The second line is possible because language authors decided that type alias can contain type constructor for consistency. If List is a type despite not being a proper type, so can be a type alias if we want to be consistent. And if functions can be curried, partially applied or passed over, so can be types.

trait Vec[T]

type VV1 = Vec // not! a paradox, but shorthand for type VV1 = [T] =>> Vec[T]
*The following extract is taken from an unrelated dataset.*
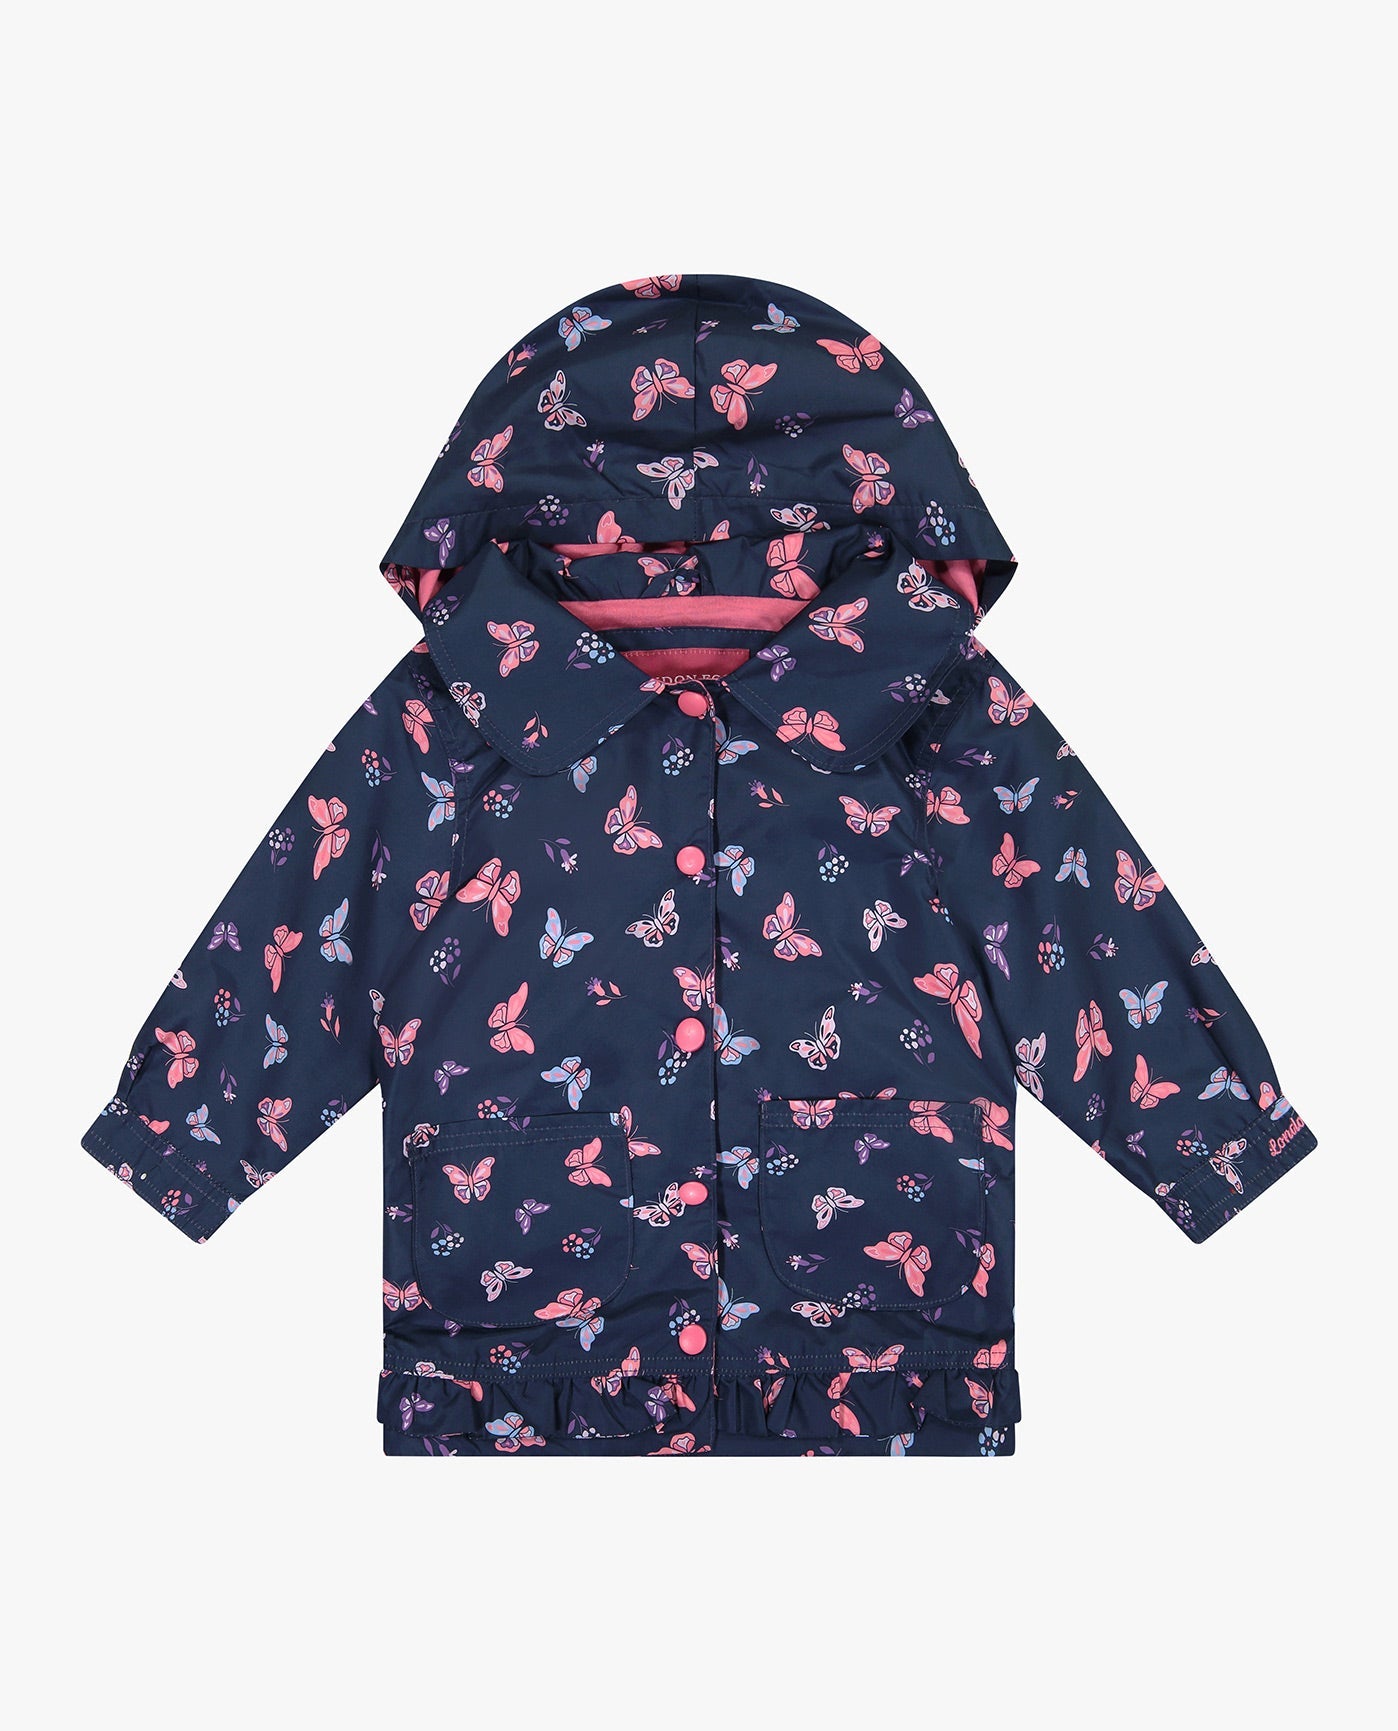 ALT VIEW OF TODDLER GIRLS PRINTED COLLARED SNAP FRONT RAINCOAT WITH HOOD | NAVY

Second line is equal to third line:

A parameterized type definition

type T[X] = R

is regarded as a shorthand for an unparameterized definition with a type lambda as right-hand side:

type T = [X] =>> R

A partially applied type constructor such as List is assumed to be equivalent to its eta expansion. I.e, List = [X] =>> List[X]. This allows type constructors to be compared with type lambdas.

See specification for more details.

0
tribbloid On

Found the cause: In Scala, higher-kind orders cannot be correlated with the syntax of the type name, a 0-type and 2-type can both be assigned to a type name. They only differs in behaviour when being consumed:

      type VV2 = [T <: AnyVal] =>> Vec[T] // no paradox?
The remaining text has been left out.